> **Supplied data**:
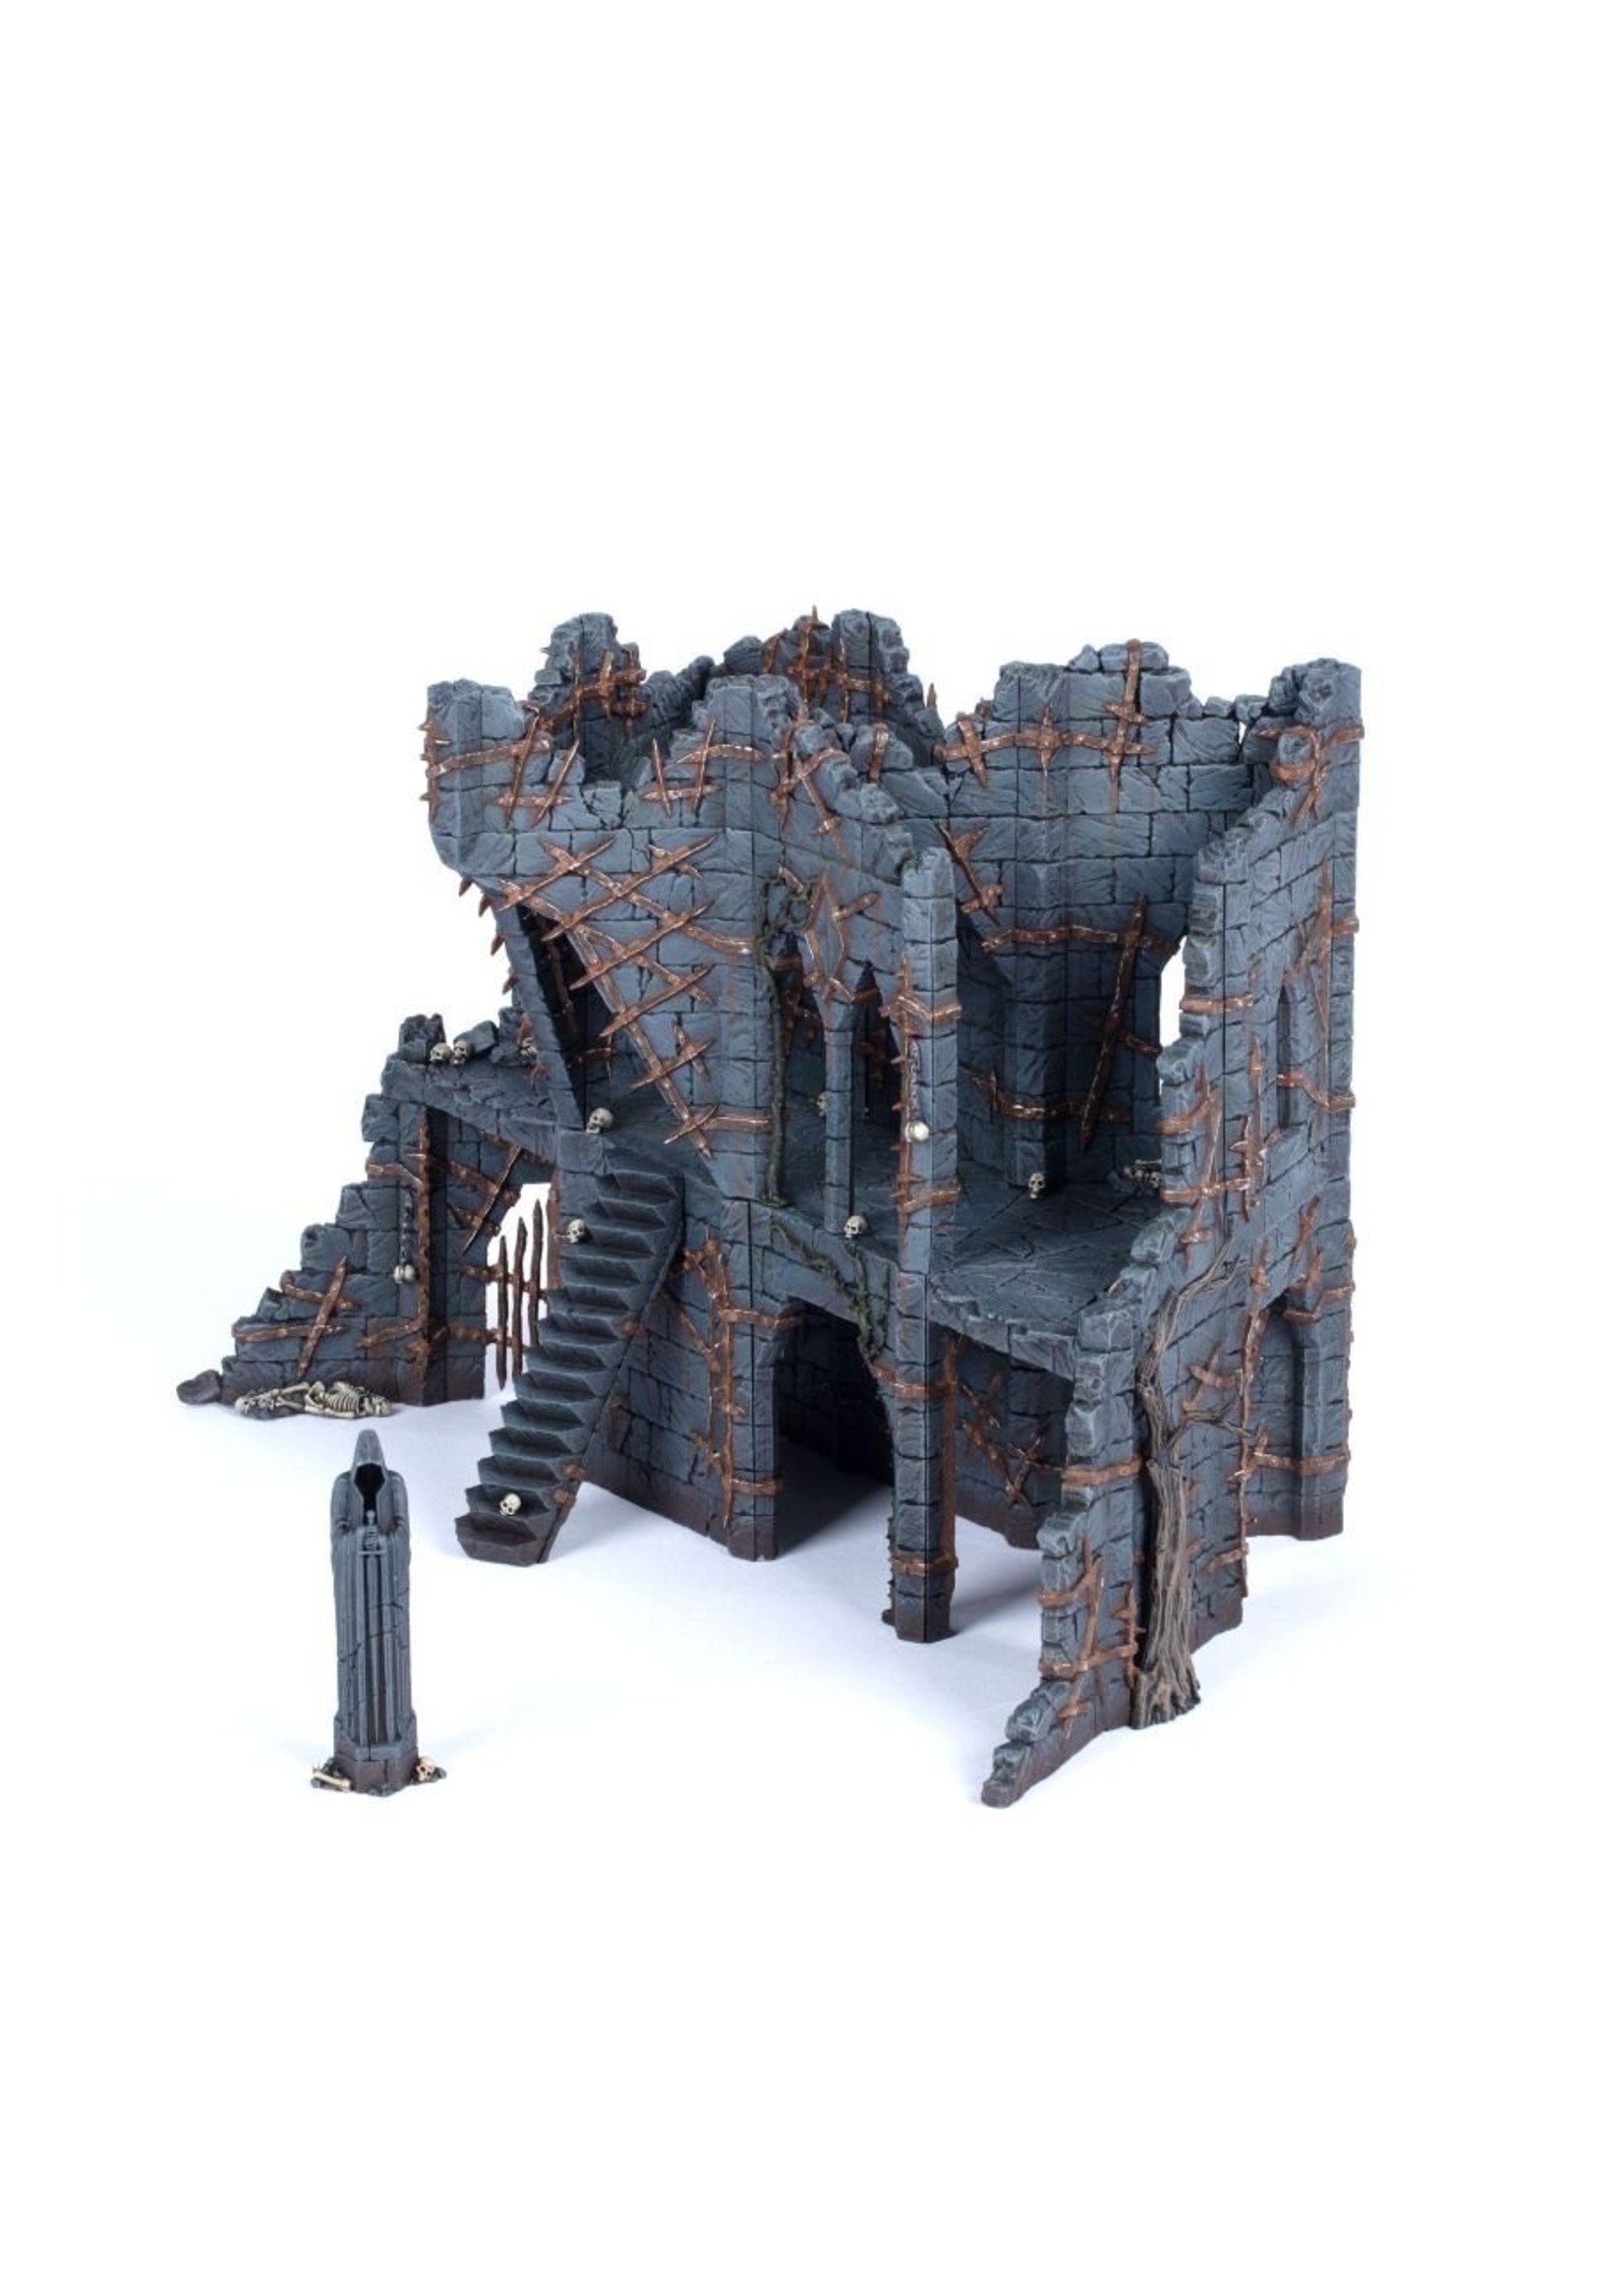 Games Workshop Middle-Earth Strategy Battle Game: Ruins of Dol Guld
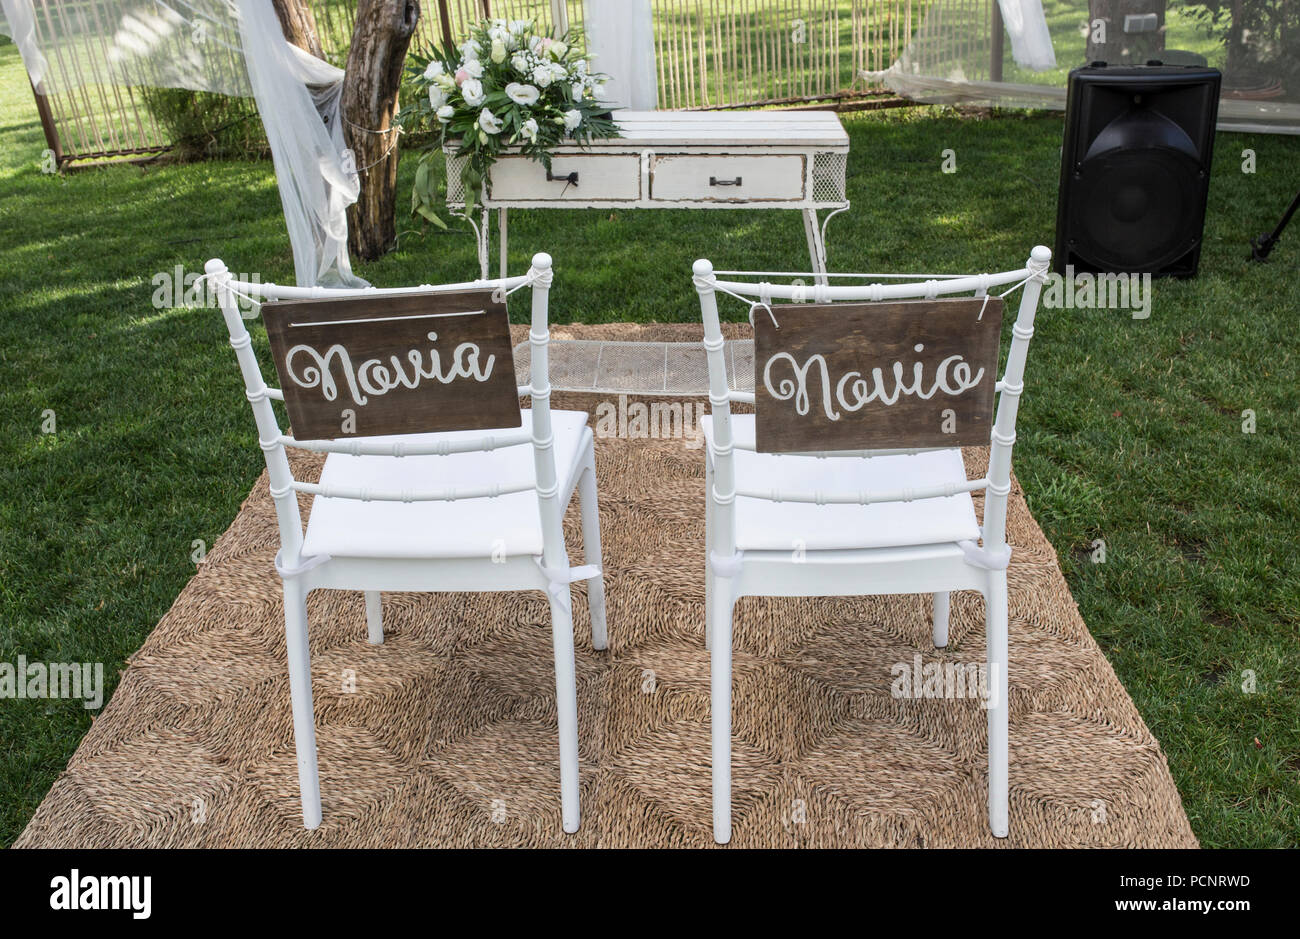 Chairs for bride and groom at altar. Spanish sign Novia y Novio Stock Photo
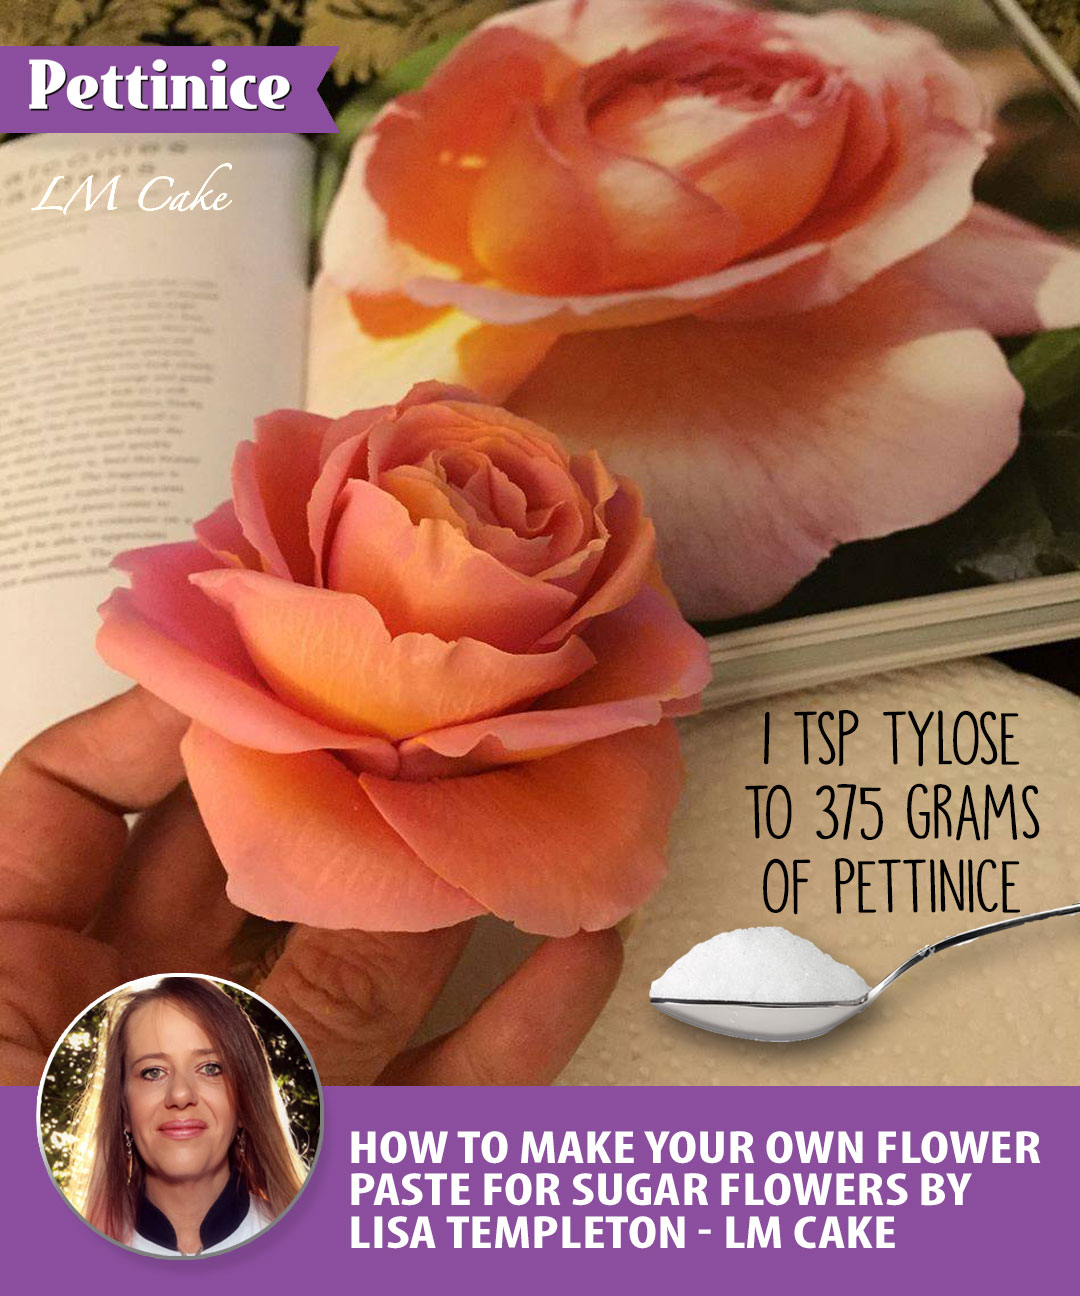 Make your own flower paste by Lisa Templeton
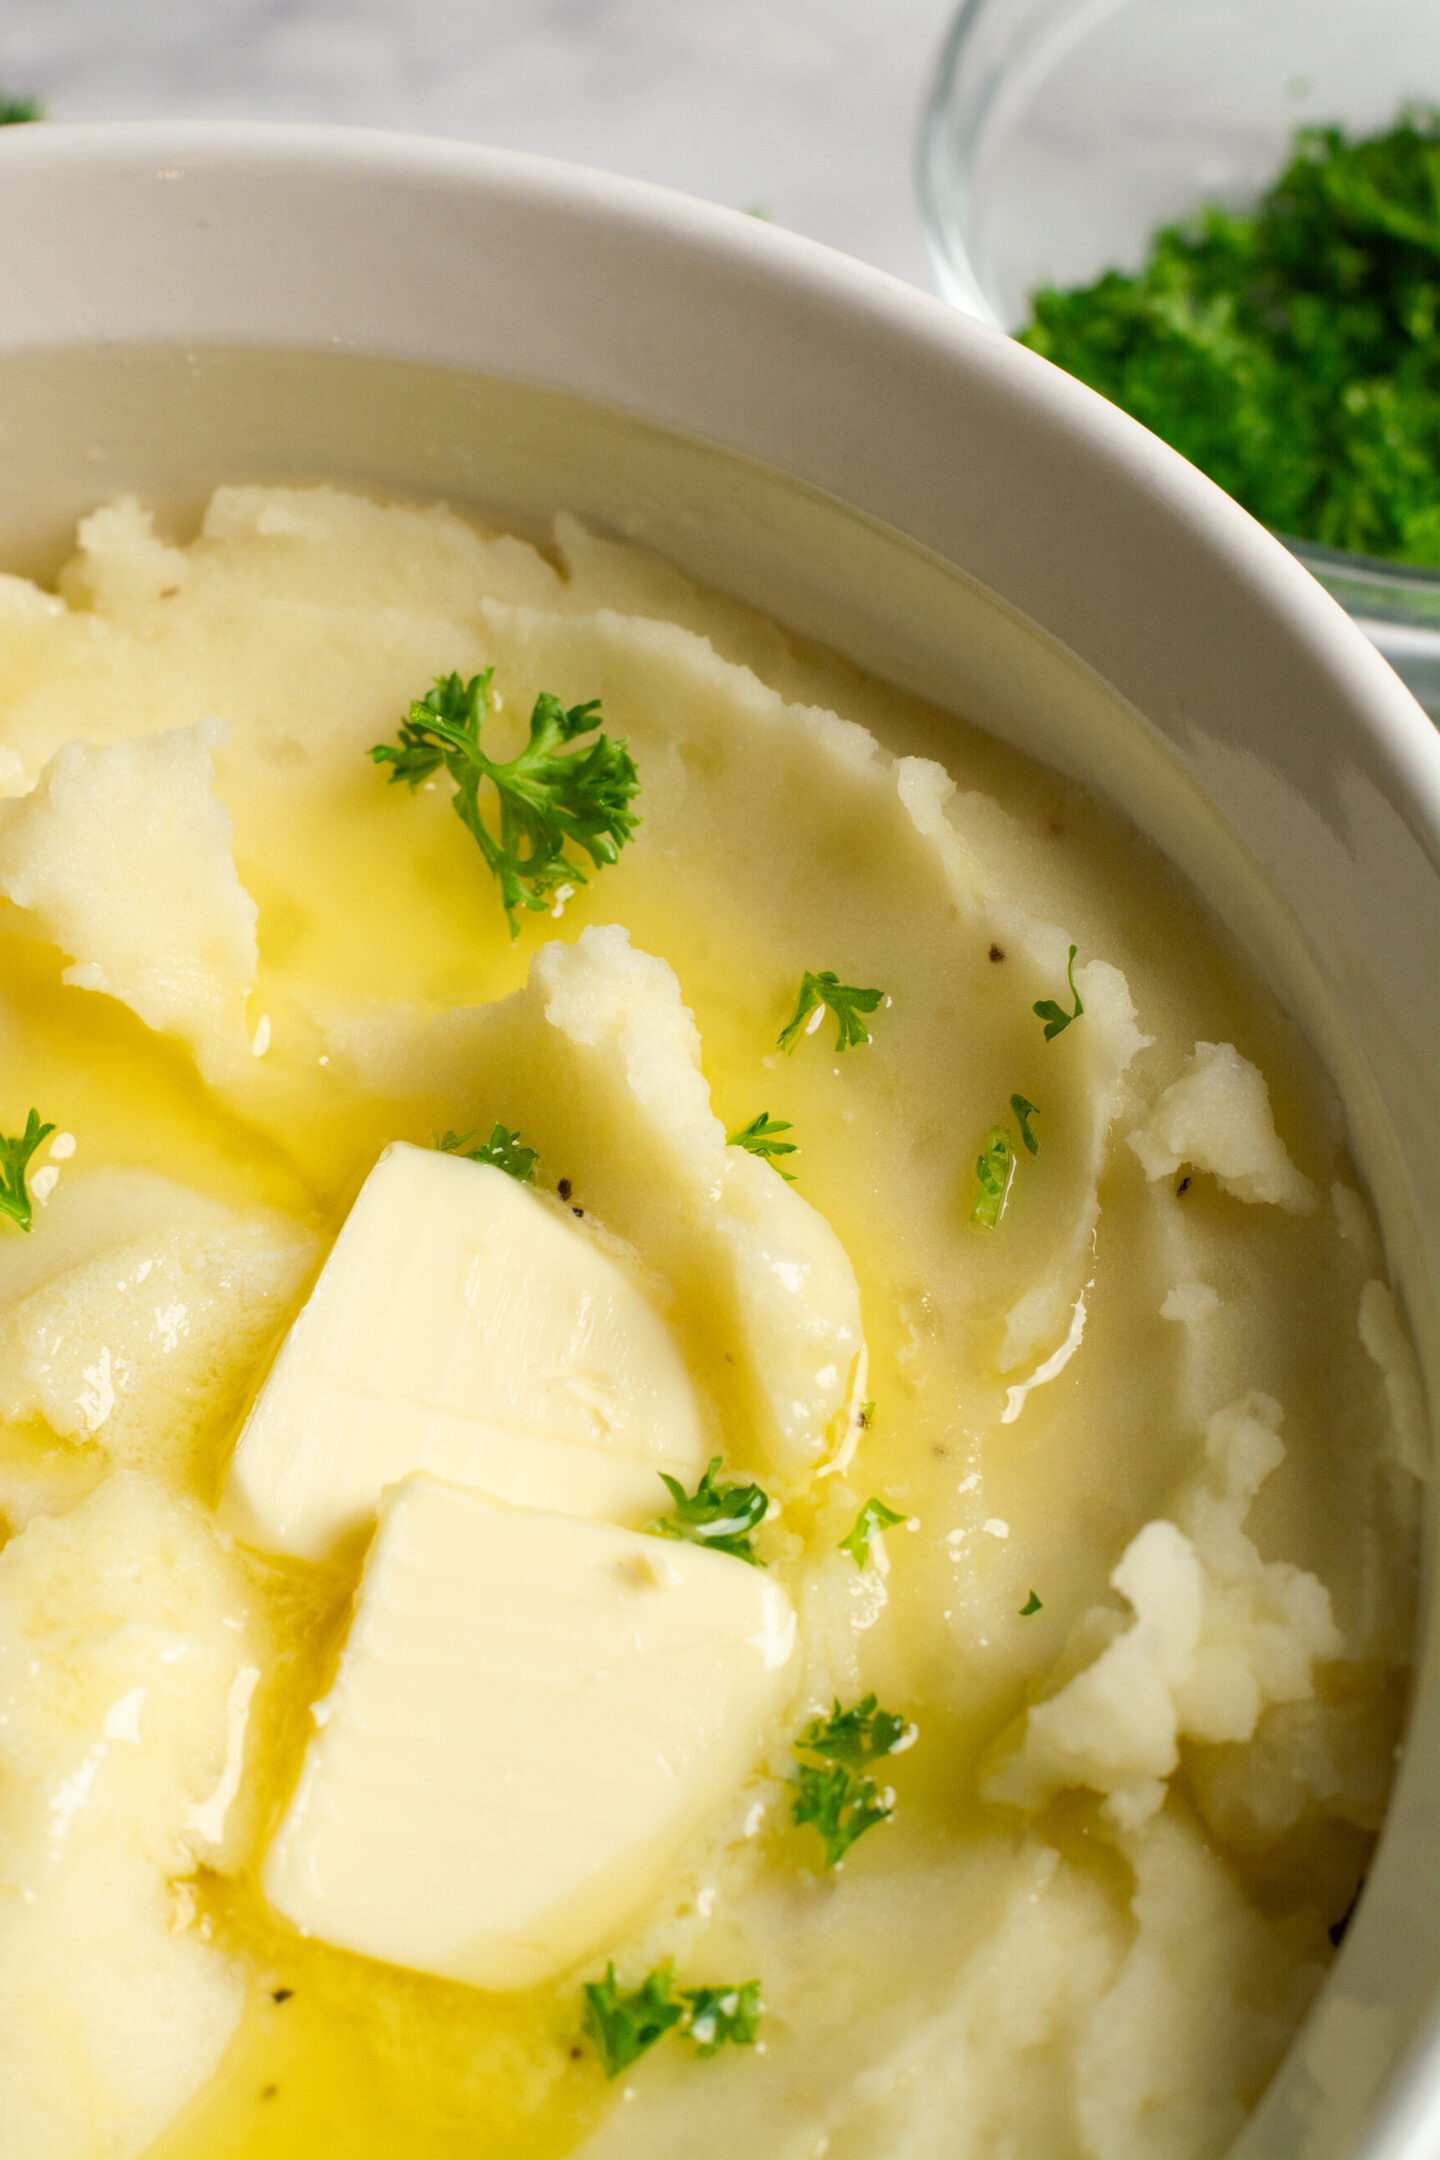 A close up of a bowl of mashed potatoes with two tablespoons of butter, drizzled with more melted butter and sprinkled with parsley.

> **Work instructions**:
An exact copy of the listing is required; return it without any pictures.

> **Response area**:
 Games Workshop Middle-Earth Strategy Battle Game: Ruins of Dol Guld
 Chairs for bride and groom at altar. Spanish sign Novia y Novio Stock Photo
 Make your own flower paste by Lisa Templeton
 A close up of a bowl of mashed potatoes with two tablespoons of butter, drizzled with more melted butter and sprinkled with parsley.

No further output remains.